On Fri, Jan 24, 2020, 05:44 Lauri Kasanen <cand at gmx.com> wrote:

> Hi,
>
> I wanted to float some general instruction ideas, now that things seem
> to be picking up. I've mentioned some to Luke previously. These have
> use in video, but also in general.
>
> - altivec's vec_perm. It's a byte shuffle with three input regs and one
> output. It's exceedingly useful, more powerful than any of x86's
> shuffles, and I believe it should be copied as-is.
>

I had proposed an even more general version that works on 8, 16, 32, and
64-bit elements (rather than just 8-bit), and can produce 1-4 elements in a
subvector, able to process a variable number of subvectors per instruction
rather than being limited to 128-bit SIMD:

see swizzle2 pseudocode at
https://libre-riscv.org/simple_v_extension/specification/mv.x/

If that's not sufficient, we also have mv.x, which is a register-indirect
vectorized register-to-register move.


> - saturated versions of add/sub/mul/narrow/etc. Saves those manual
> checks. Beyond video, often used in image processing.
>

Sounds like a good idea.
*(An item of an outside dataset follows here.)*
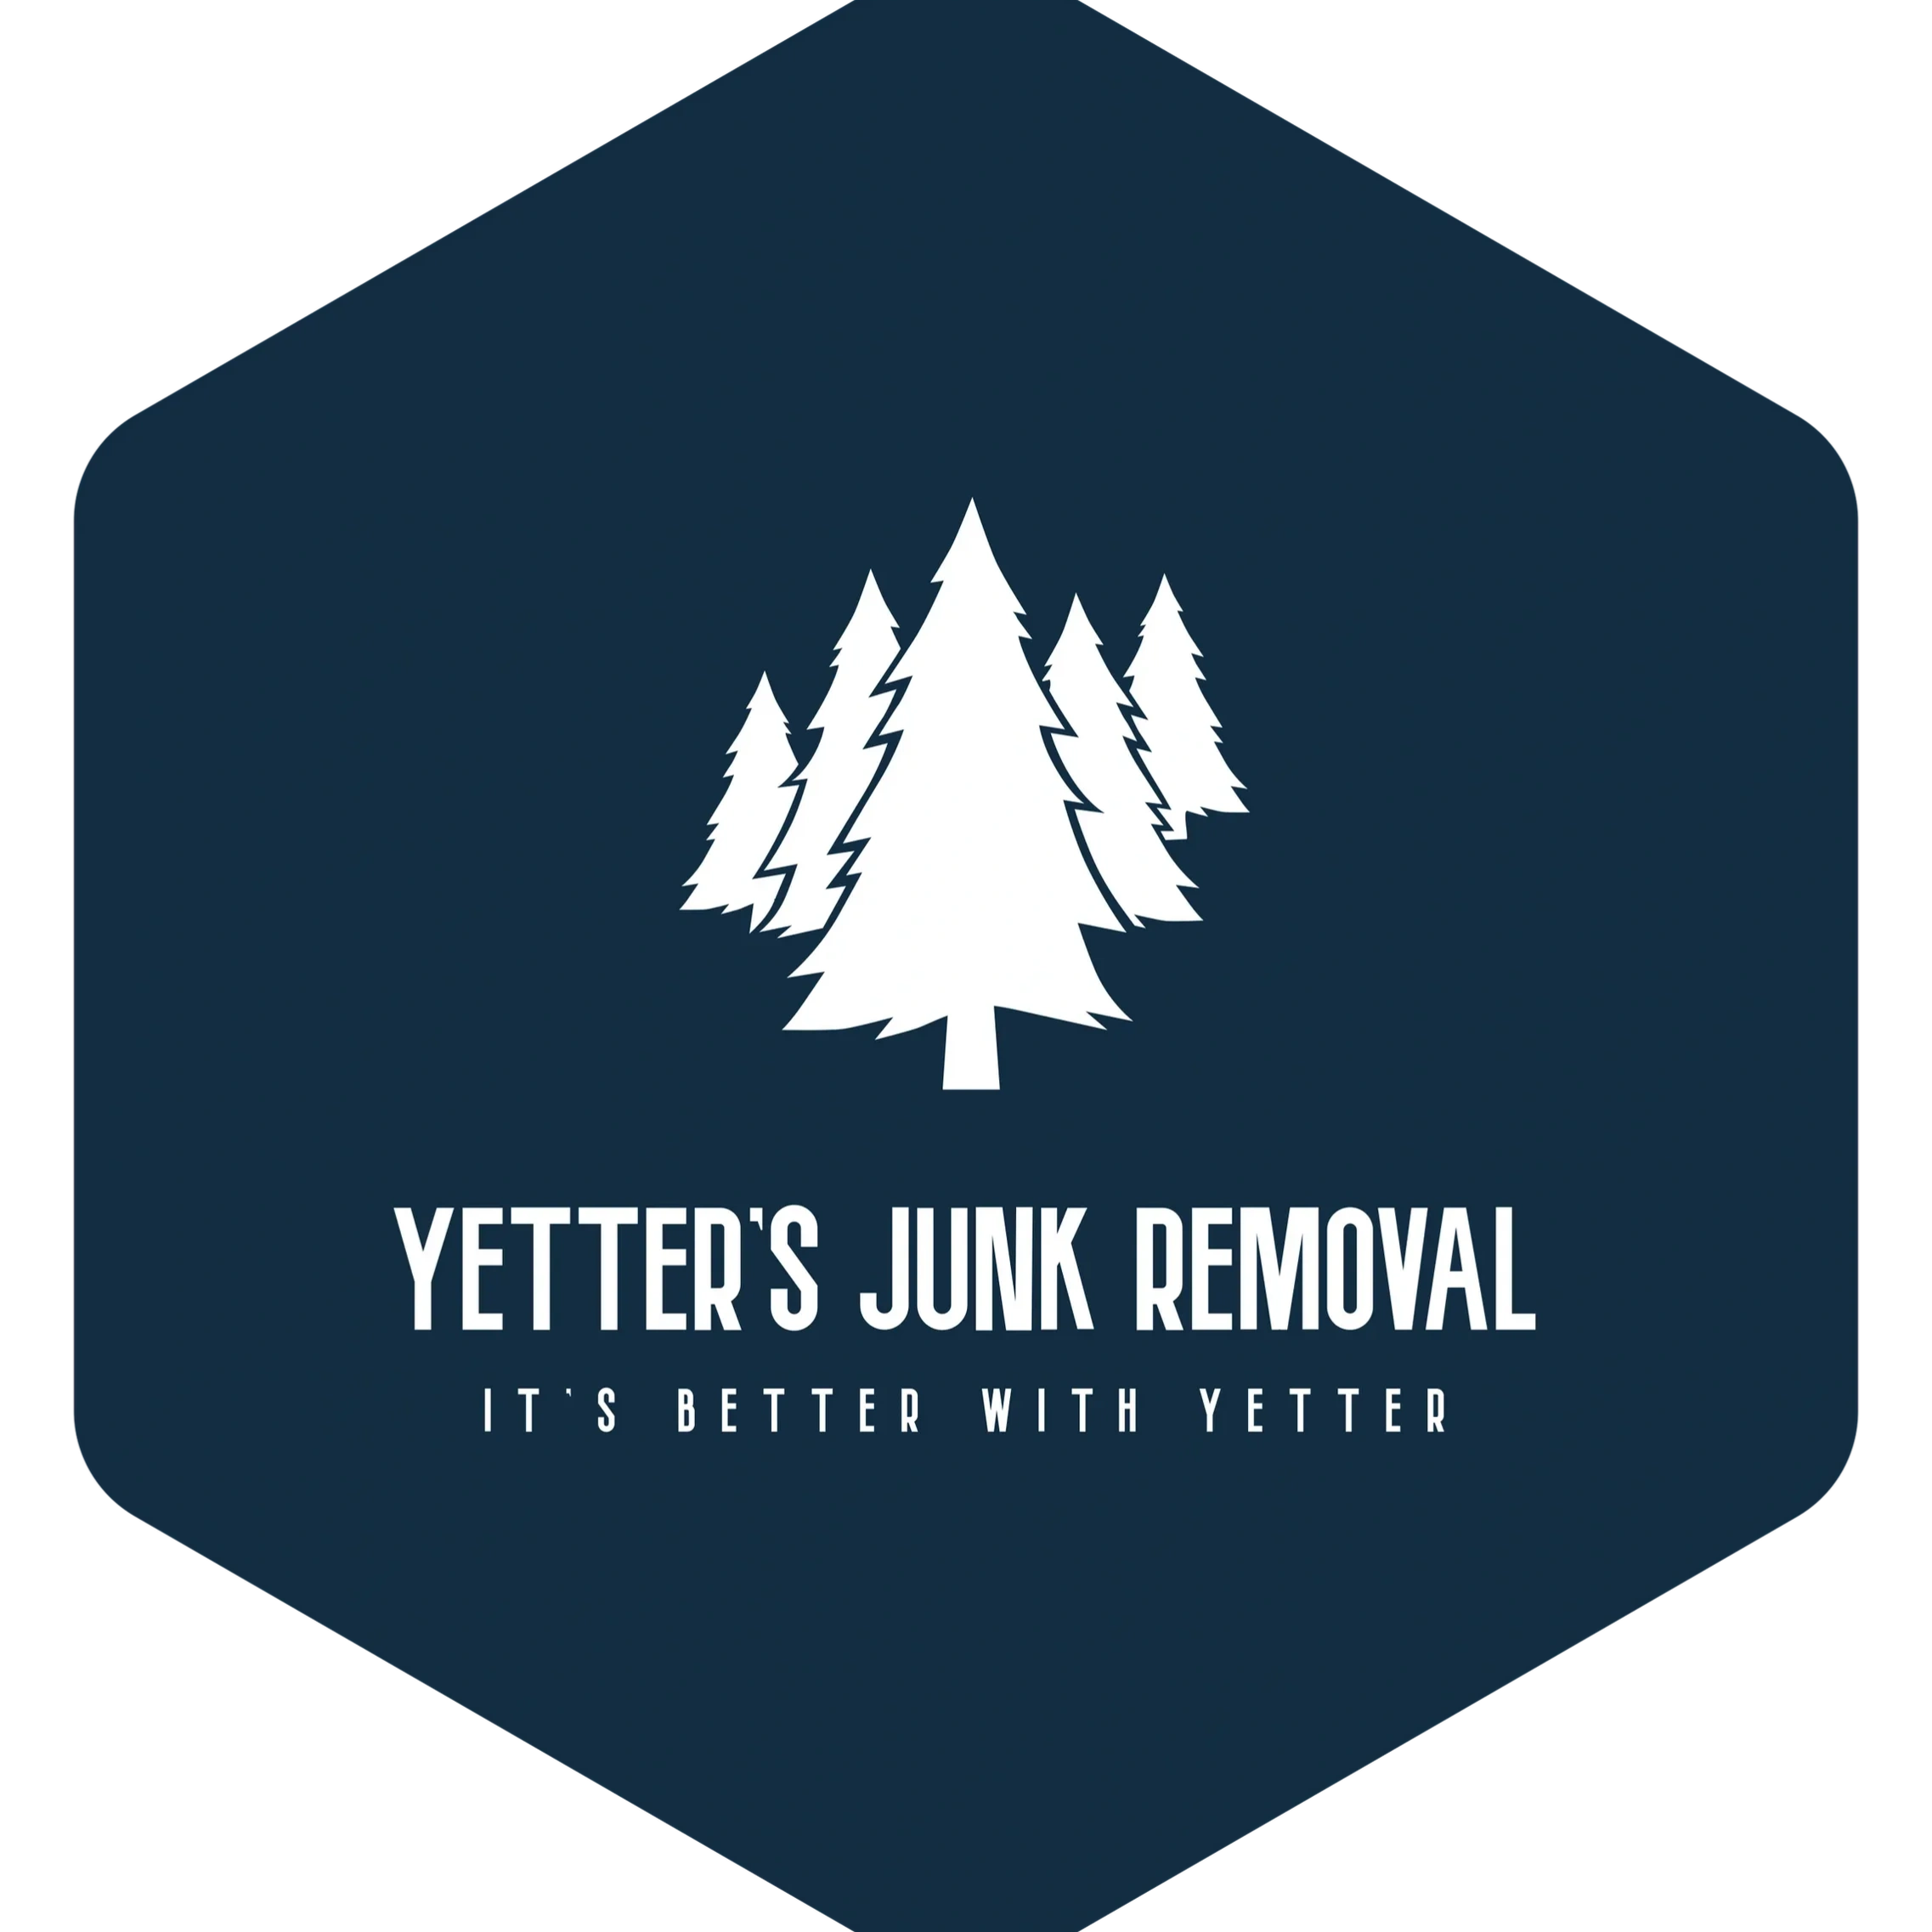 Silverdale junk removal logo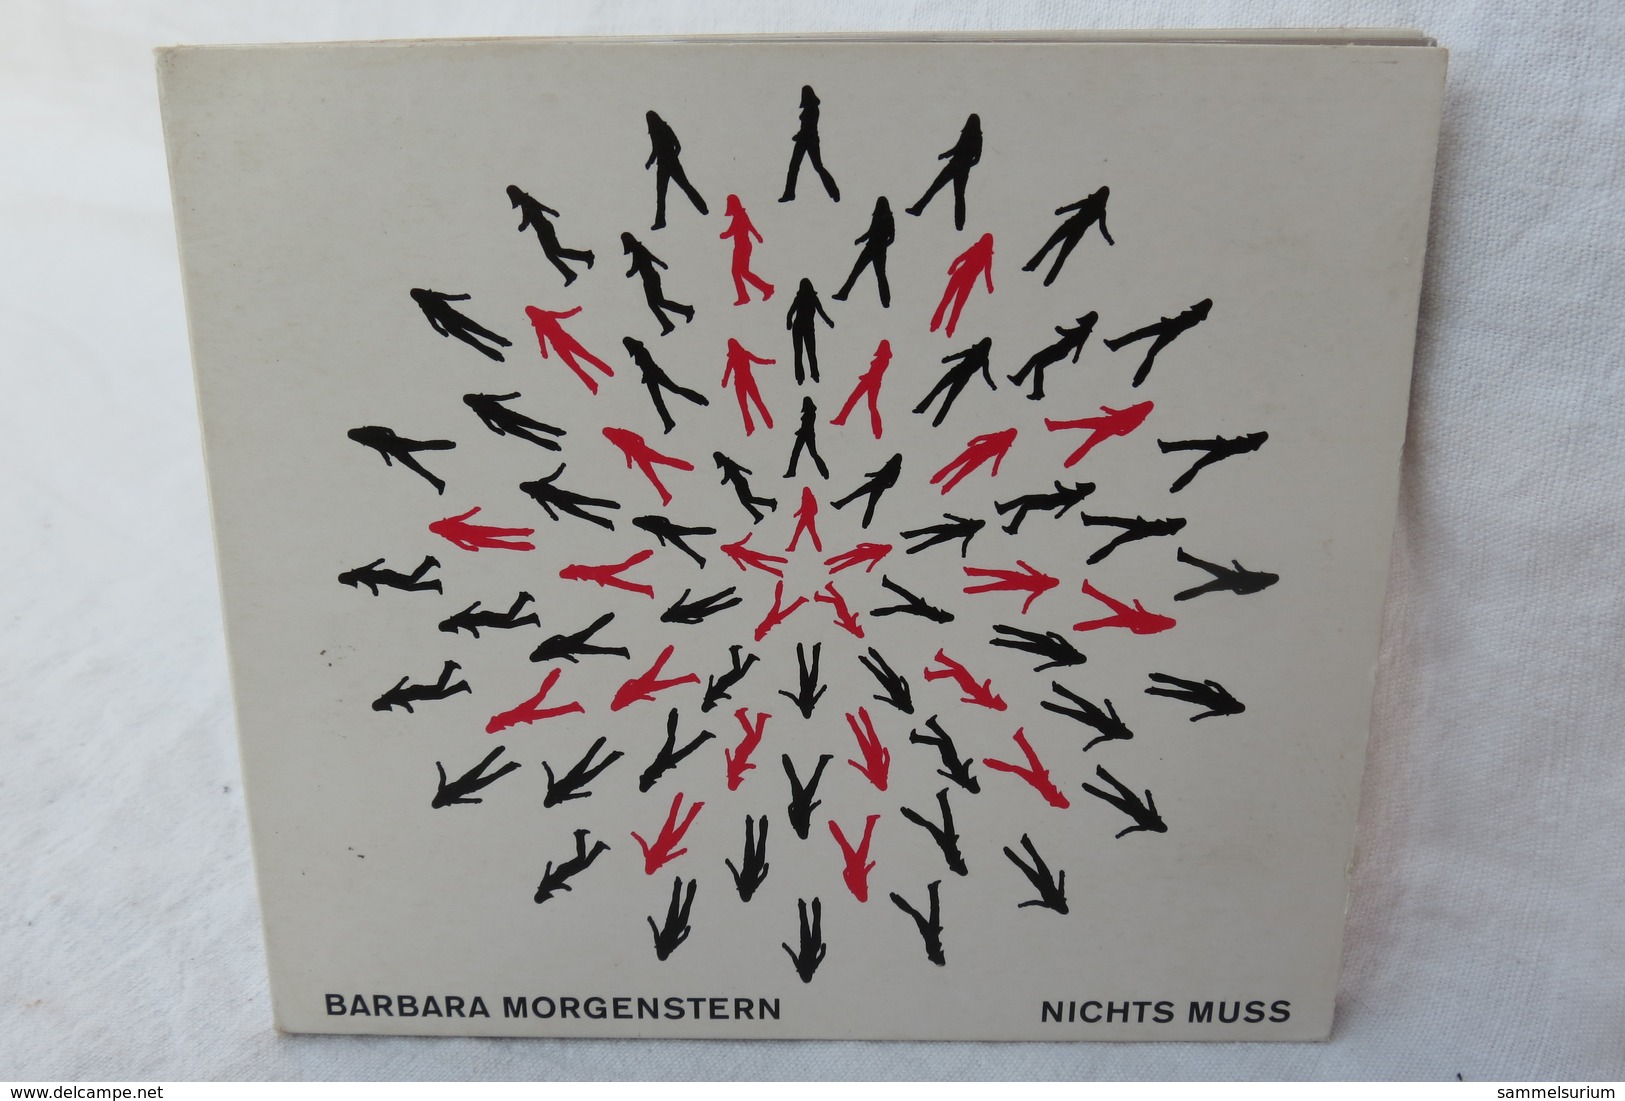 CD "Barbara Morgenstern" Nichts Muss - Other - German Music

We will probably also need those for the
Graphics-side.

>
> - memcpy. I remember a Linus quote on what instructions he'd like to
> see, and he said memcpy and memset. I know it's not very RISC, but it's
> highly useful, and a hardware loop is always faster than sw.
>

We'll just have to avoid x86's mistake: a sw loop being much faster than
their memcpy instruction (rep movsb) on some processors.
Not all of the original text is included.